Single panel and gag cartoons are so accessible it's ridiculous. Everybody reads the comics!
The bulk of my cartoons appeared during a four-year stint at the weekly The Cooper Point Journal, where they seemed to cause universal dissent, disgust, or simply misdirected anger.
Weird thing is, the ones I liked the most just seemed to fall flat with most people. I tried to think of a good one to post as a sample, but I couldn't narrow it down. So, help yourself to a guided tour of Bullets Are Cheap.
Joe Bob Briggs, my knock-down, drag-out favorite social commentator and movie reviewer of Earth, published We Are The Weird for a number of years (I still have all my issues!) and used a few of my cartoons. Very thrilling. I must have plied that poor guy with one or two cartoons a week, for years!
Years later, I found an e-mail address for him and wrote, asking if the magazine ever started up again, and he wrote back pretty quick, telling me I was on the list for new subscribers and that he remembered me as the guy who used to send in cartoons every week. Isn't that spooky -- "Yeah, I remember you as the guy who couldn't take 'No!' for an answer." Actually, his rejections were very nice.

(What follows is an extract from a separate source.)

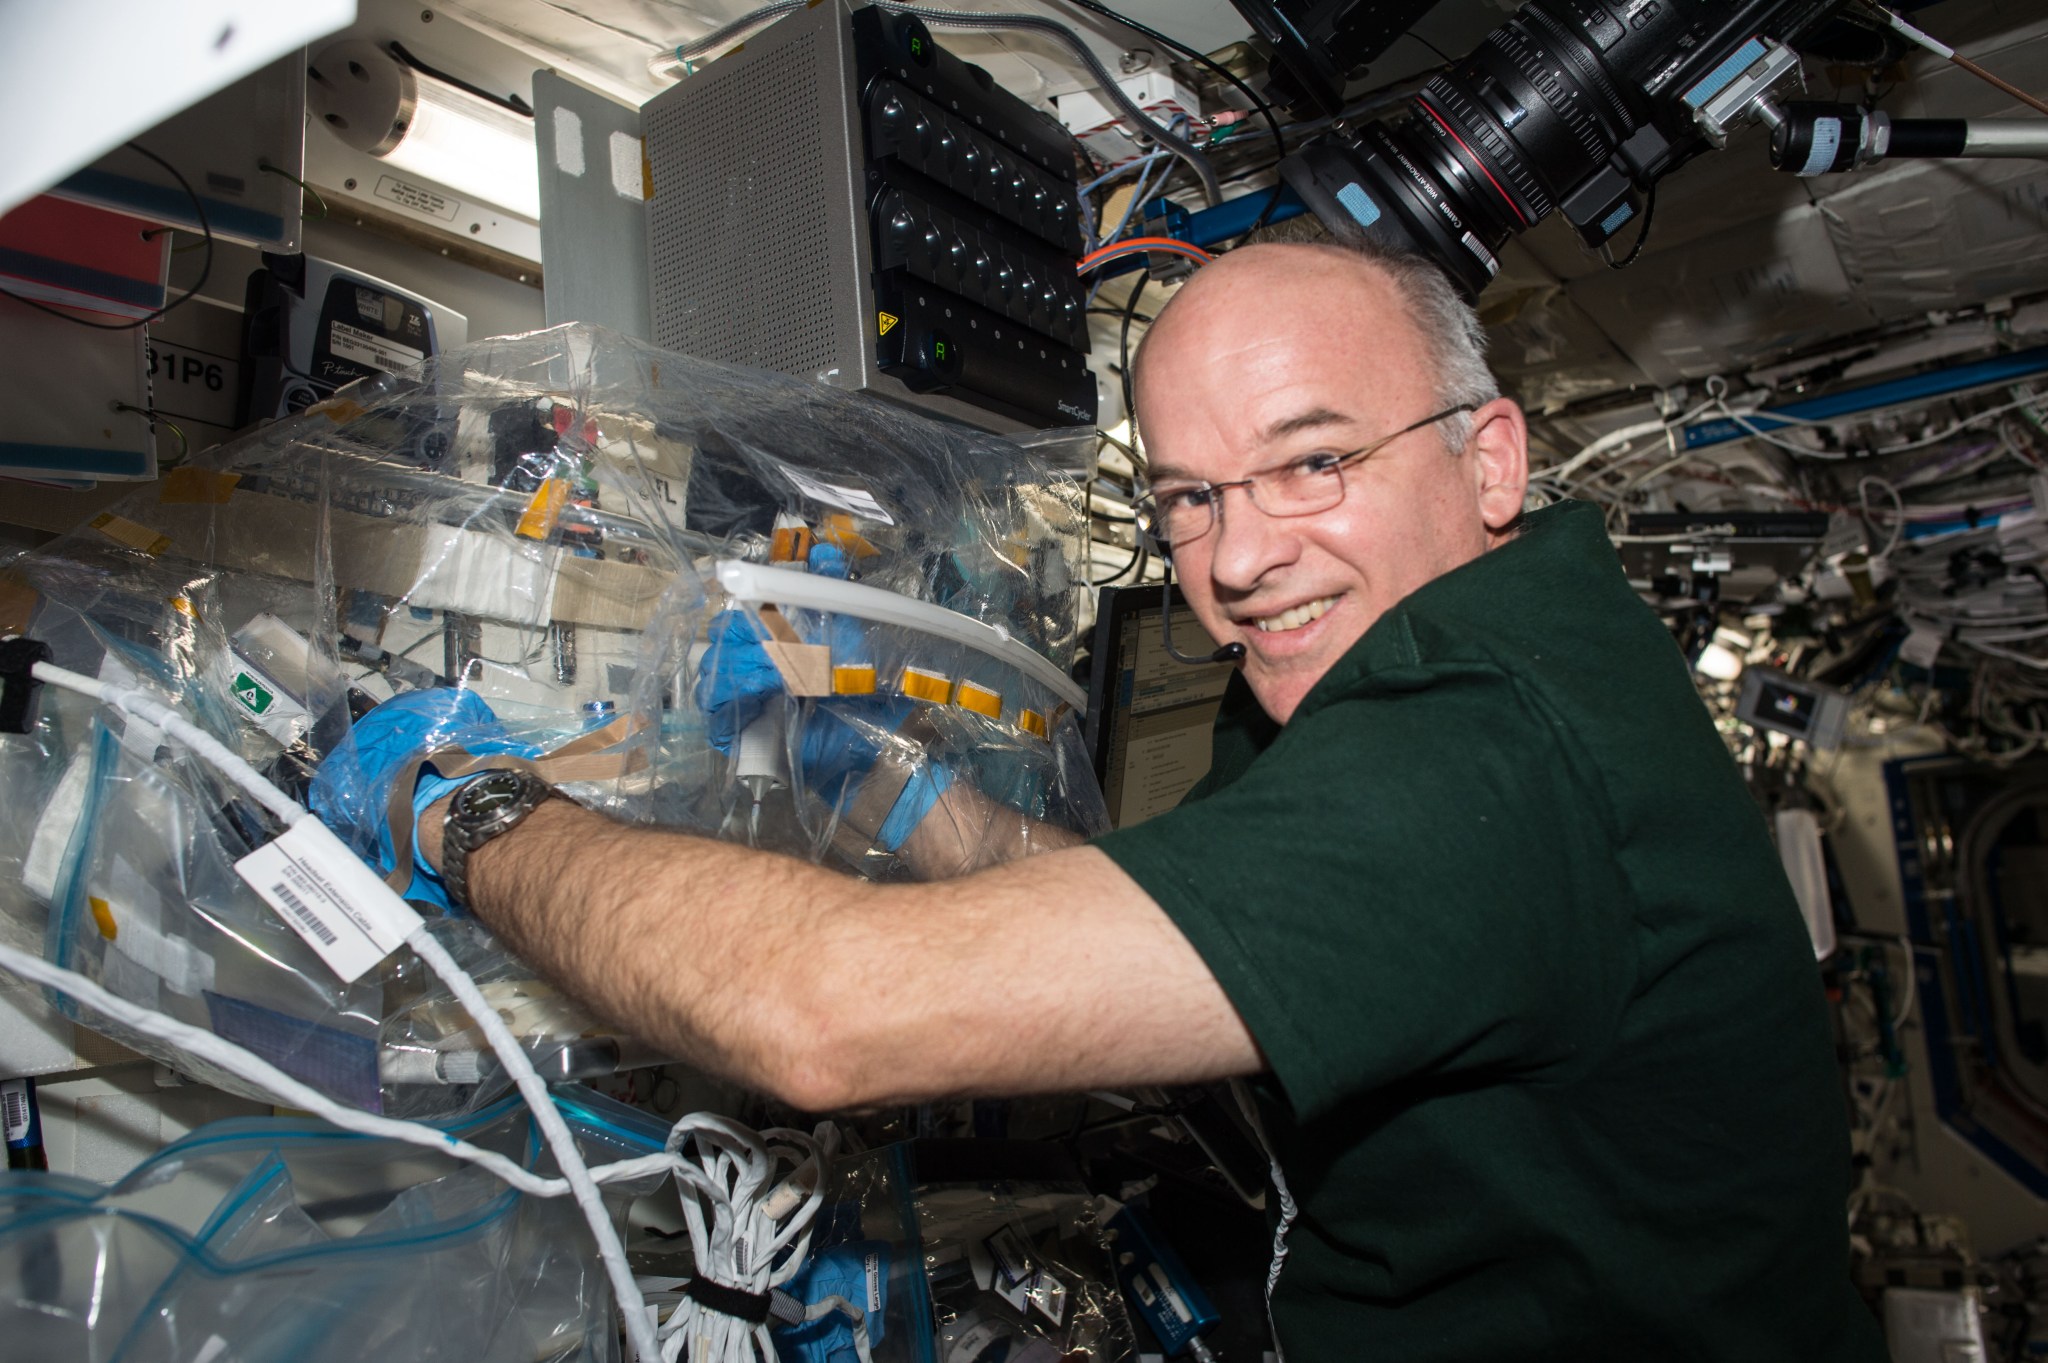 NASA astronaut and Expedition 47 Flight Engineer Jeff Williams

To lots of people, fish are very serious business, but somehow, I made an editor chuckle at Aquarium Fish Magazine. They published a few of my cartoons, but never paid me for one of them. For a while, I regularly sent them bills, but I never heard back. Good thing it's not paying the rent!
I attend an annual science fiction convention. The program guide is a really nice color affair, well printed and quite handsome. I am very glad they chose a couple of cartoons to appear in issues, particularly some of my favorites. It's some small justification for having my faves ignored by the overzealous, but humor-challenged, readership of the Journal.